Recorded information:
★ ★ ★ ★ ★

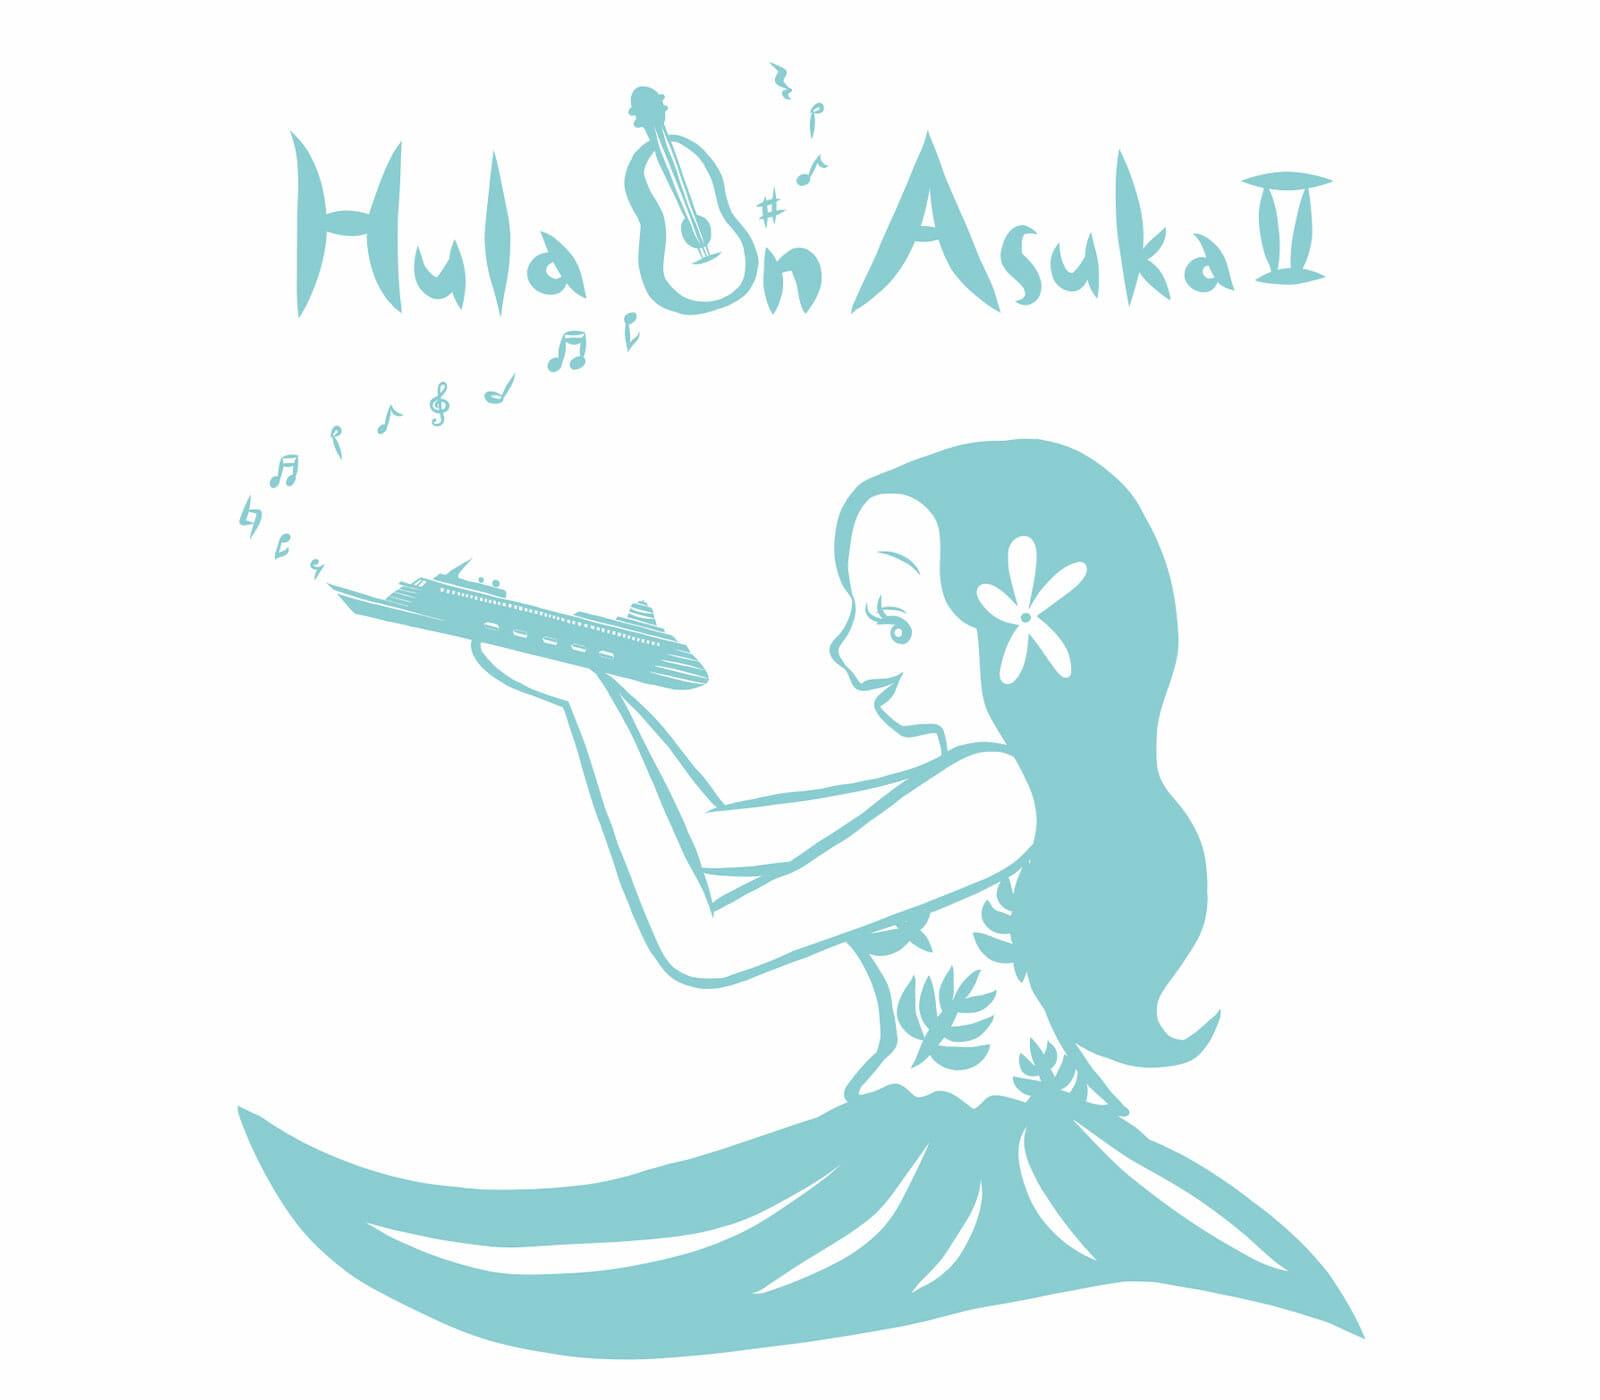 メッセージ「~HULA ON ASUKAⅡ~」
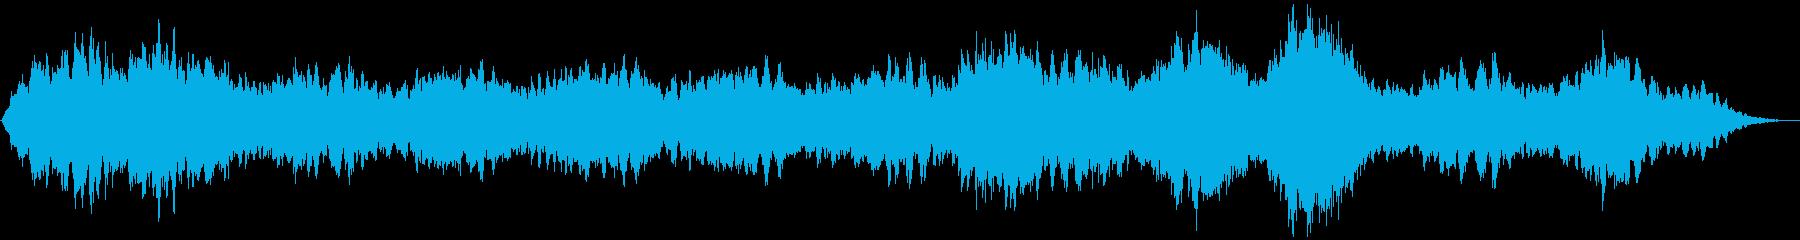 PADS 月の重力01の再生済みの波形
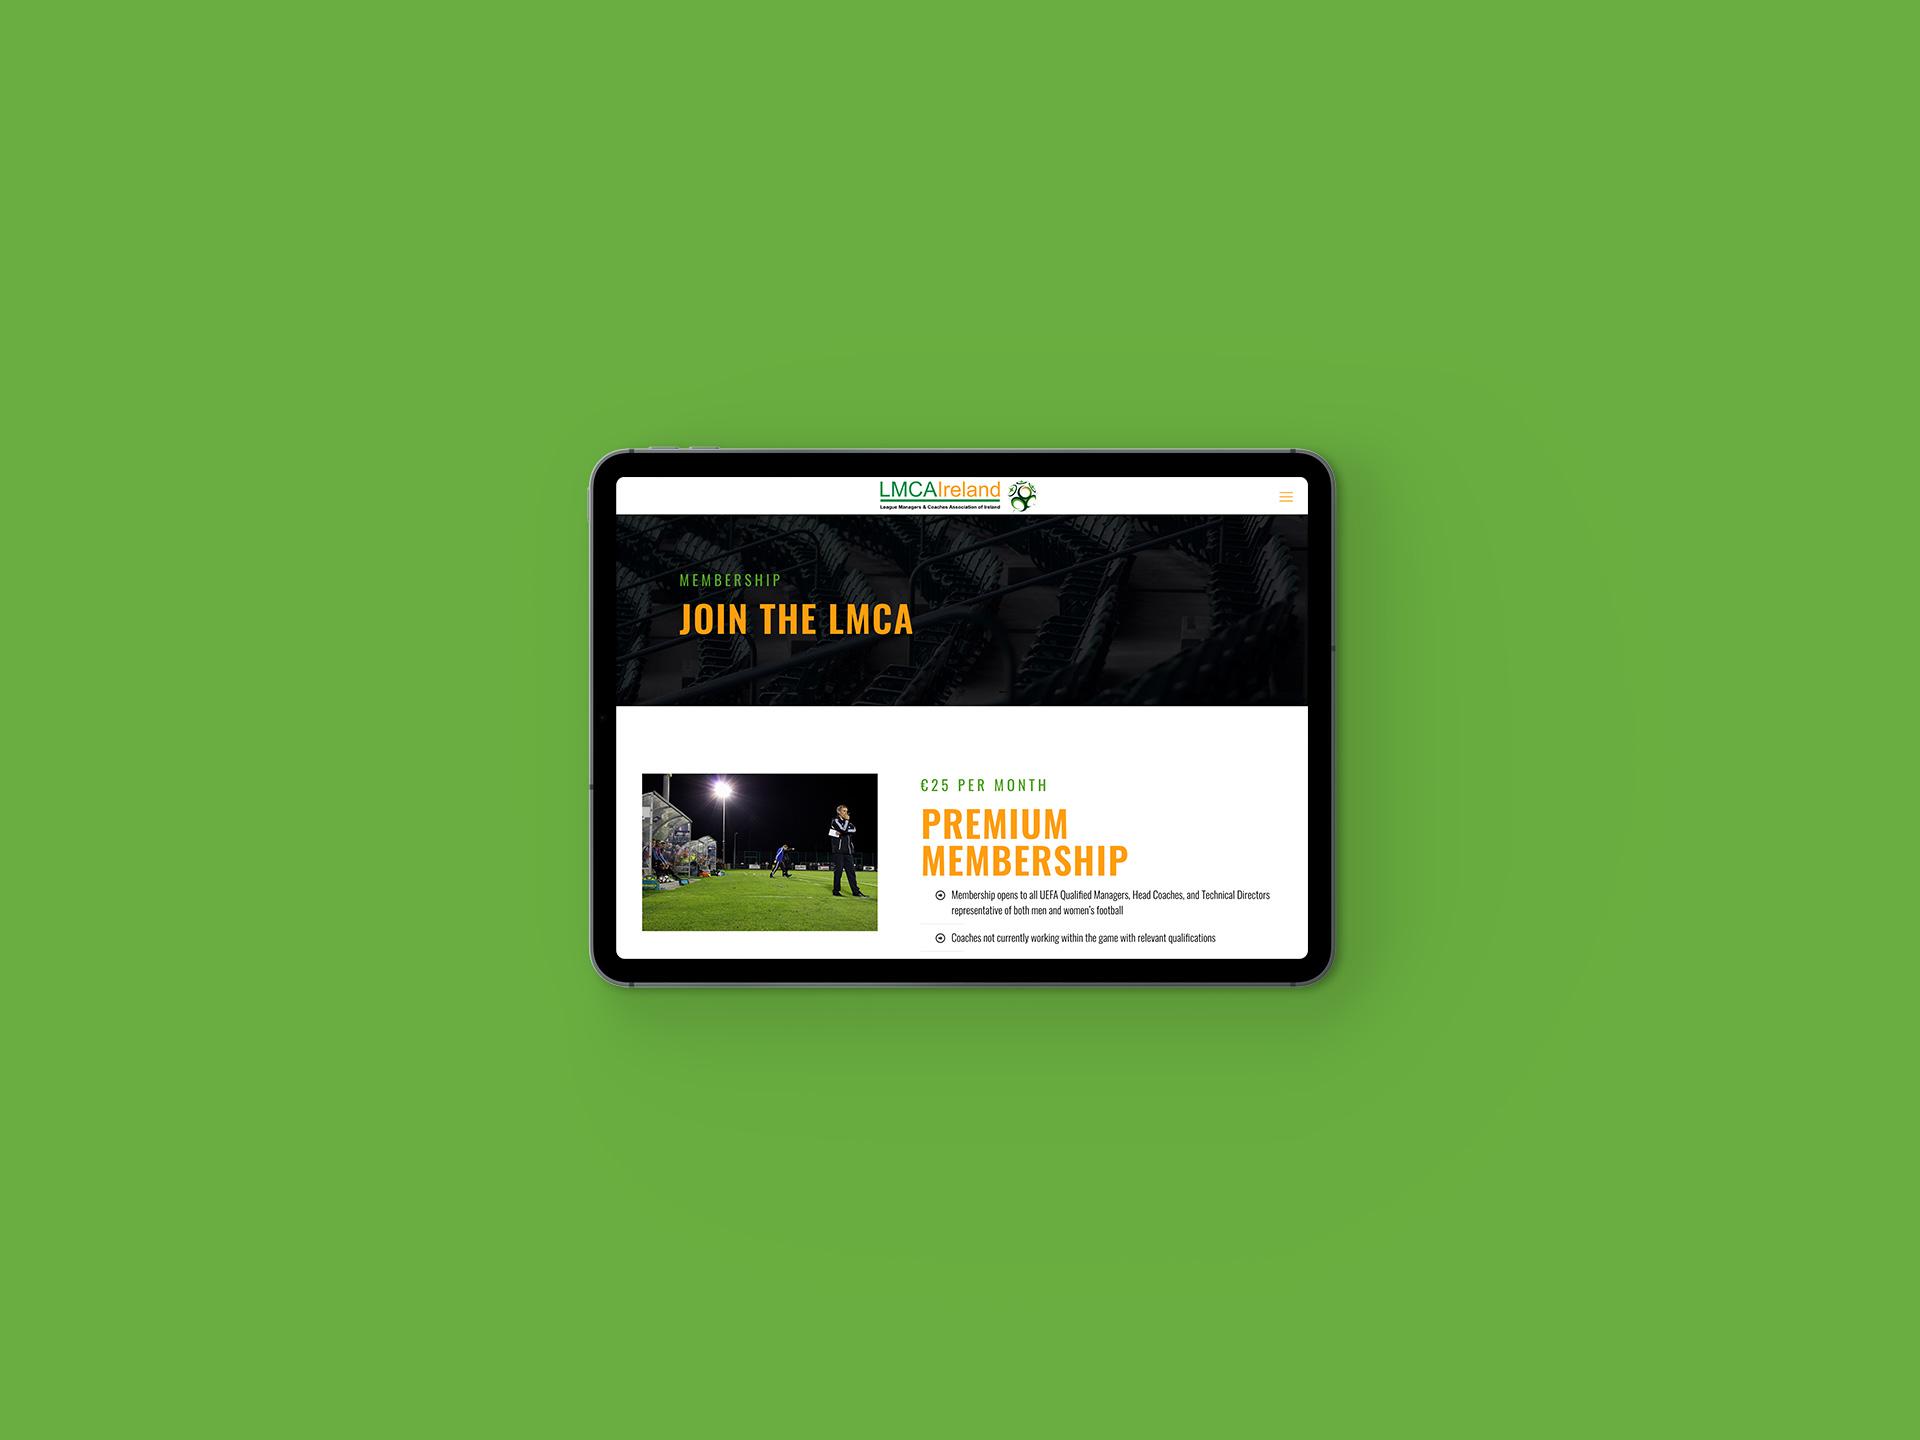 LMCA Website Membership

★ ★ ★ ★ ★

Task prompt: Everything in the data must be printed verbatim except the pictures.

Result of this exercise:
 メッセージ「~HULA ON ASUKAⅡ~」
 PADS 月の重力01の再生済みの波形
 LMCA Website Membership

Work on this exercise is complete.